Prompt
From the first line to the last, set down the material exactly, leaving out its pictures.

Exercise data
◆ ◆ ◆ ◆ ◆ ◆ ◆
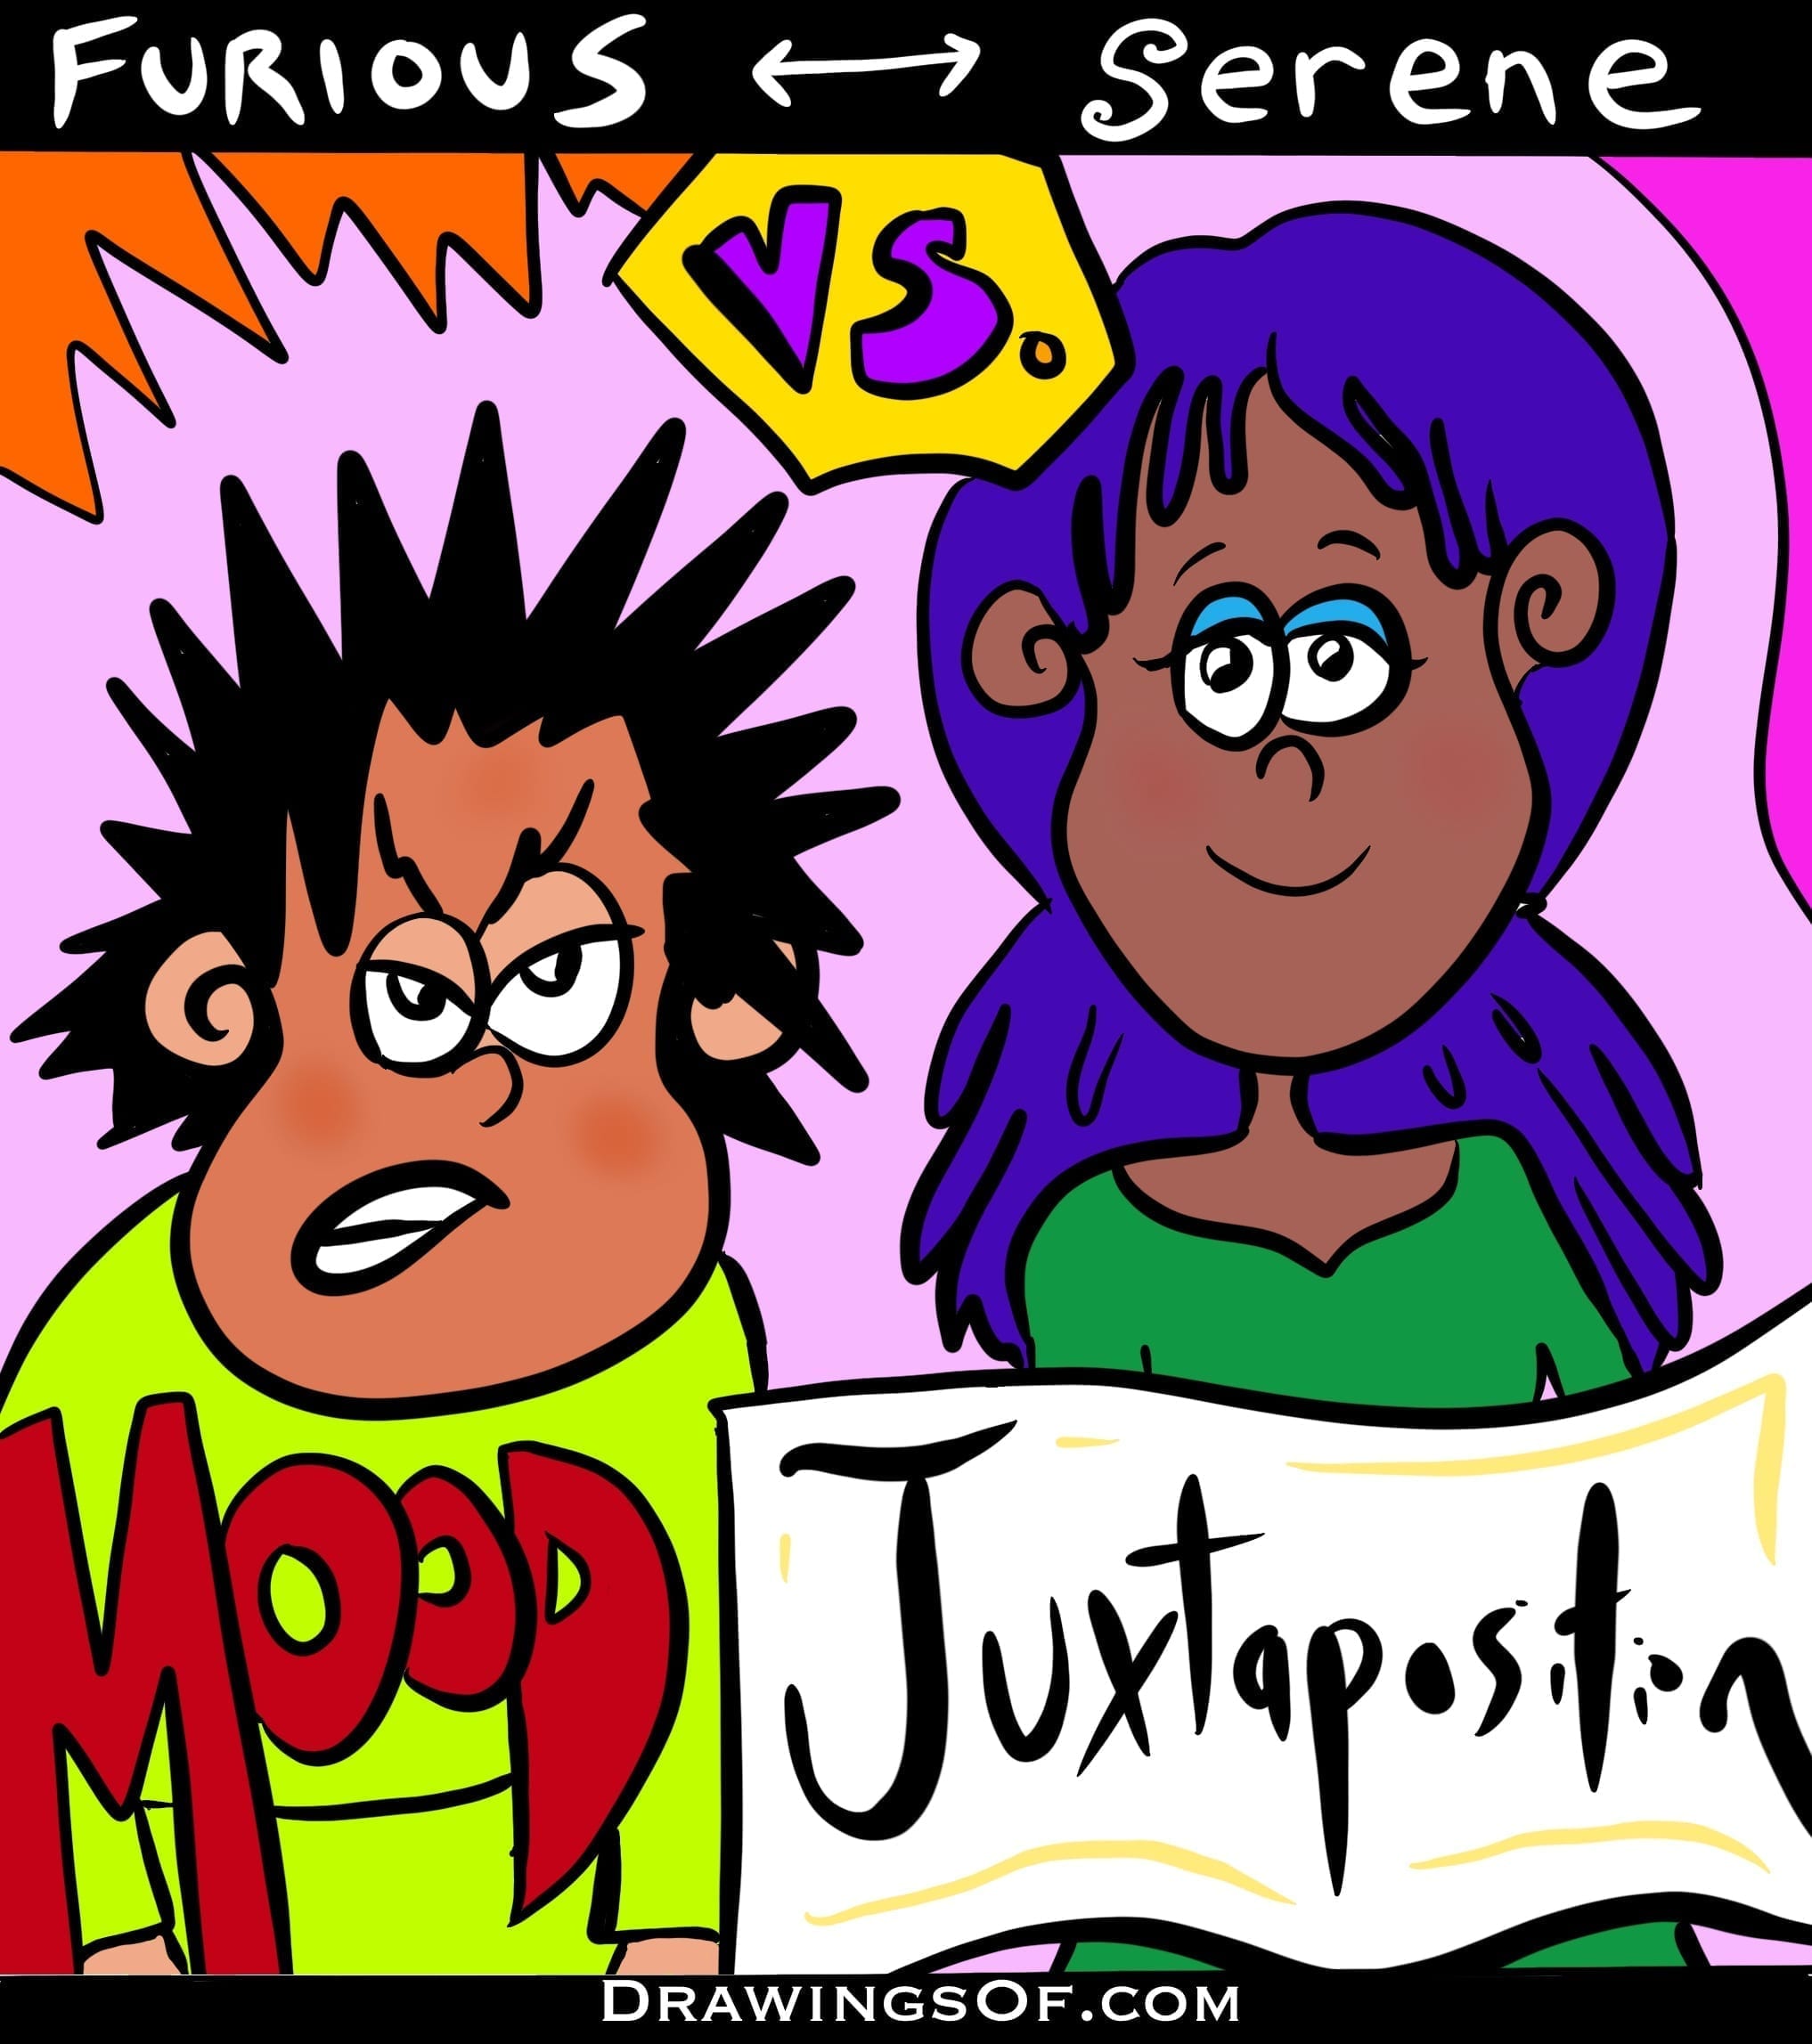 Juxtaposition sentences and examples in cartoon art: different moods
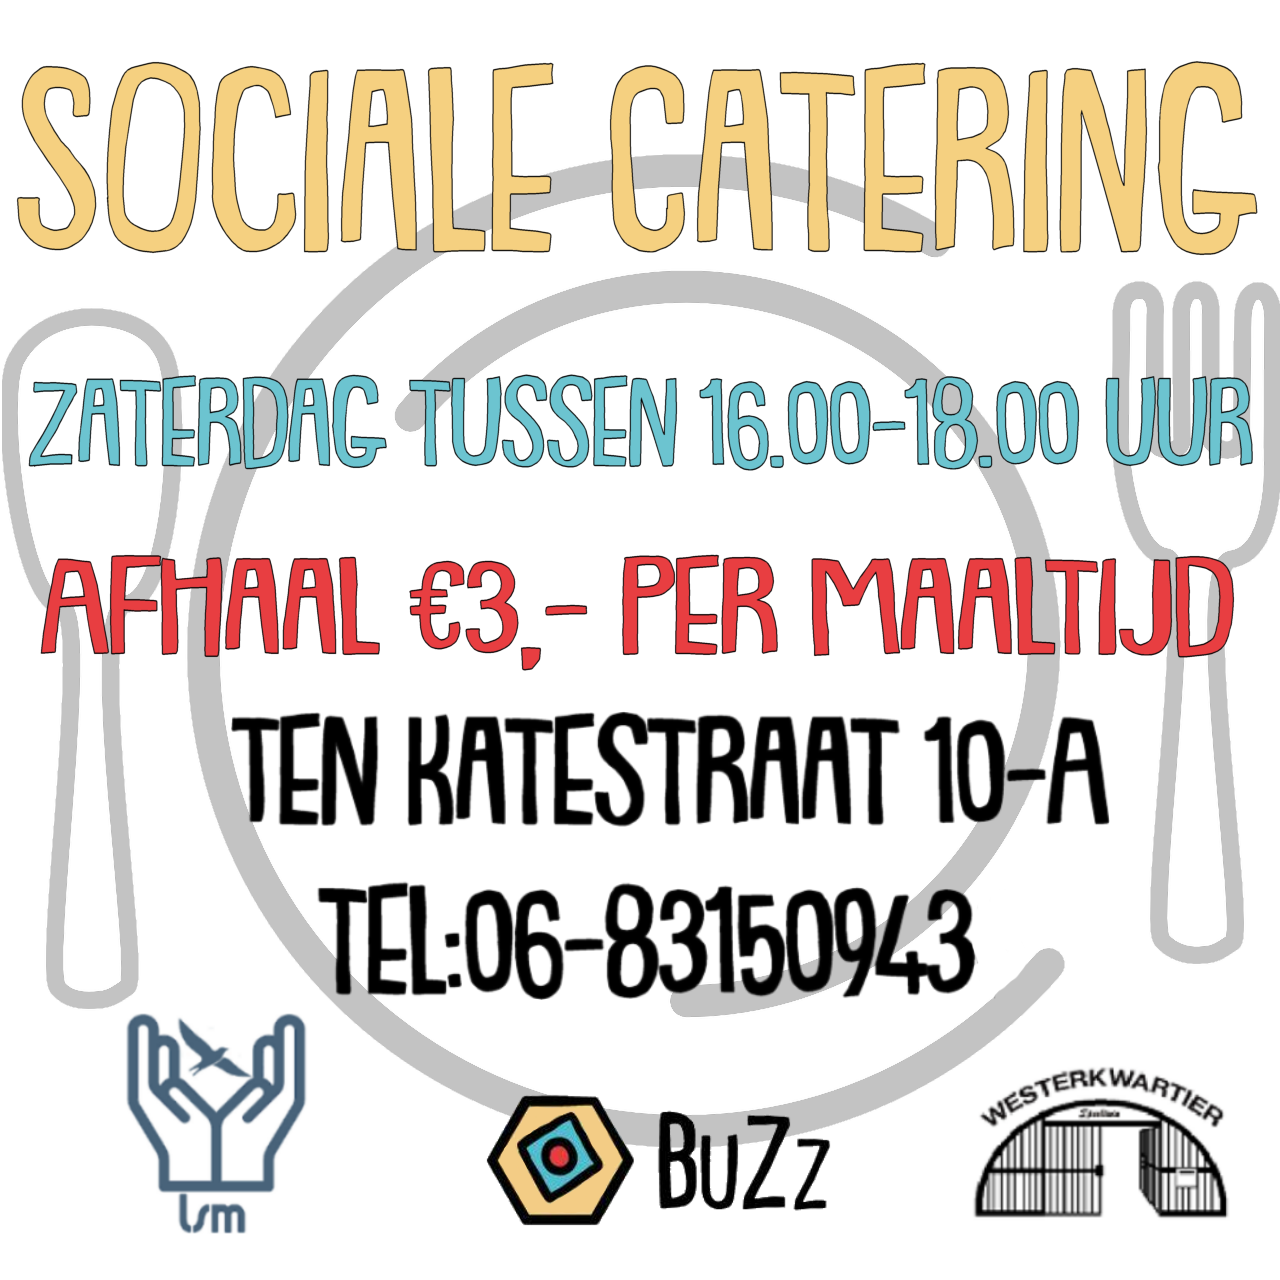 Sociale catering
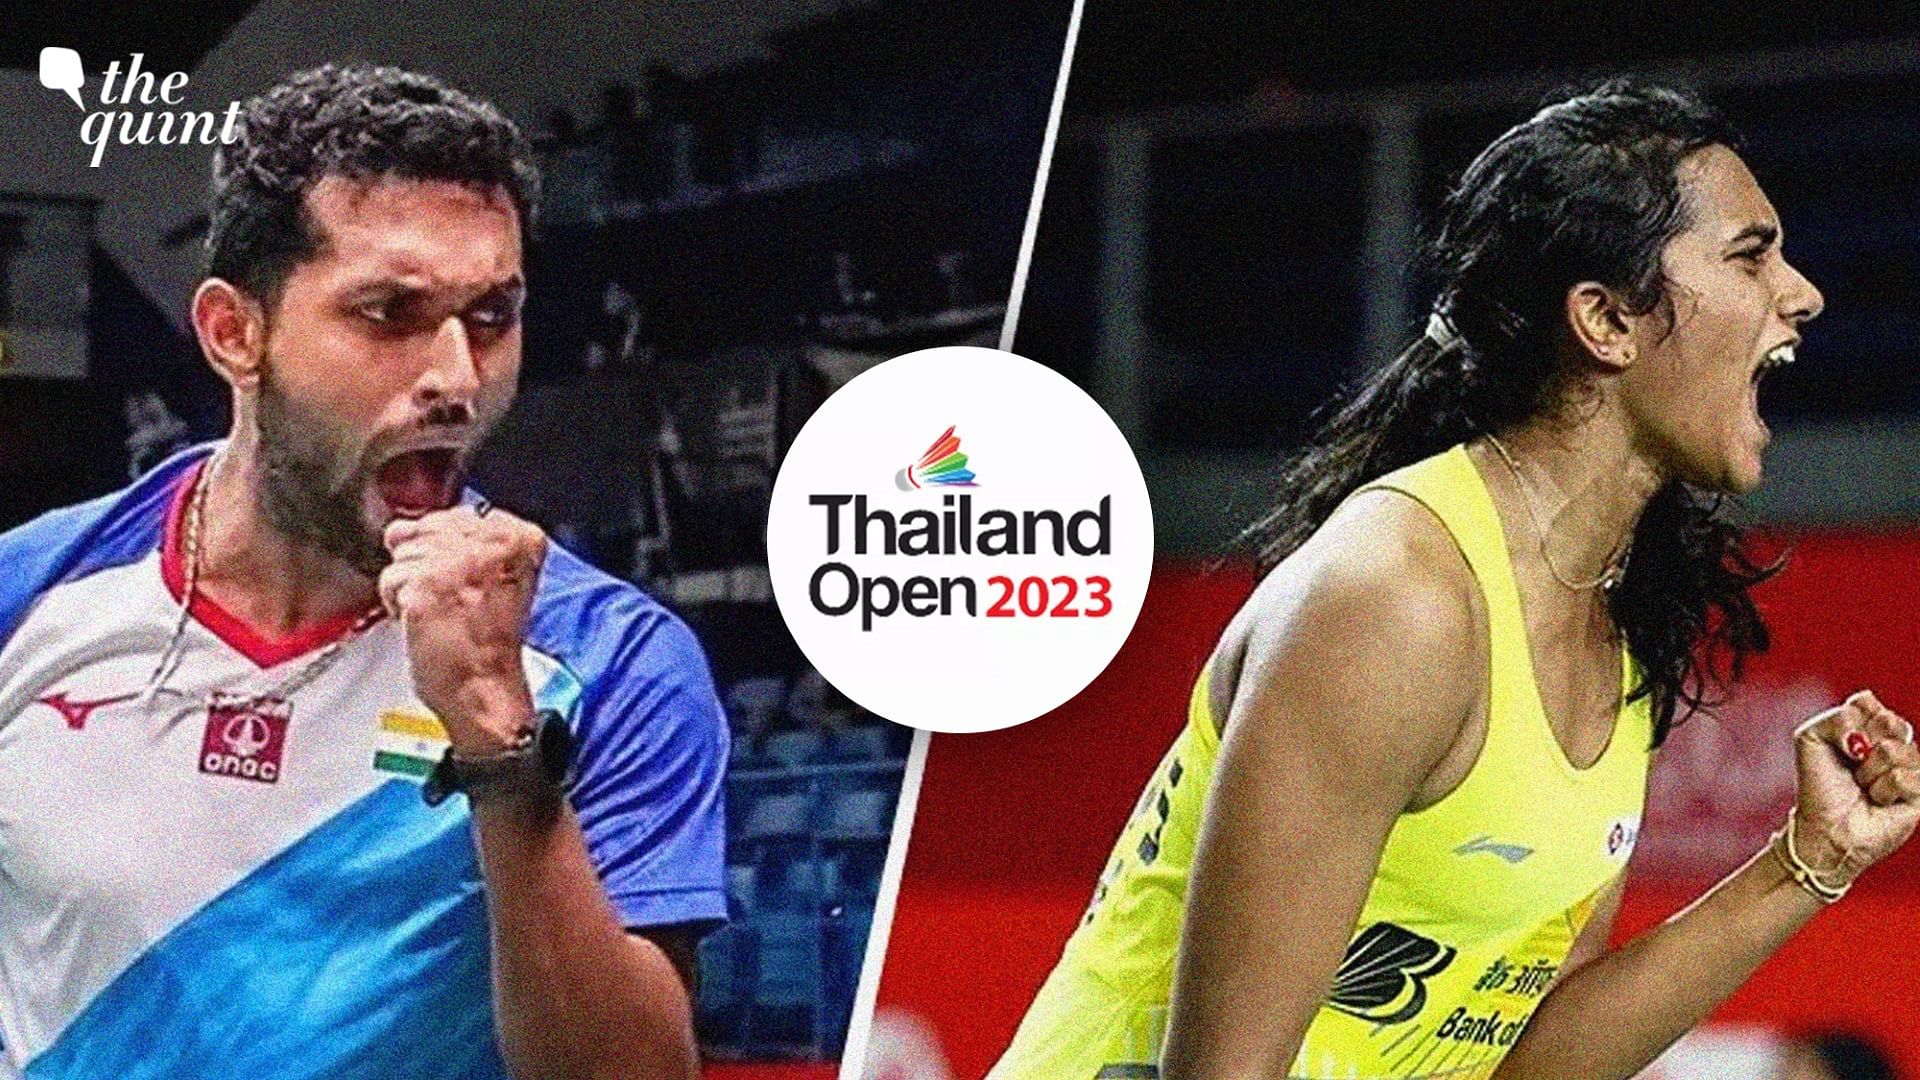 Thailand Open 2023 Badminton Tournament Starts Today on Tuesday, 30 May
◆ ◆ ◆ ◆ ◆ ◆ ◆
Solution for this problem
 Juxtaposition sentences and examples in cartoon art: different moods
 Sociale catering
 Thailand Open 2023 Badminton Tournament Starts Today on Tuesday, 30 May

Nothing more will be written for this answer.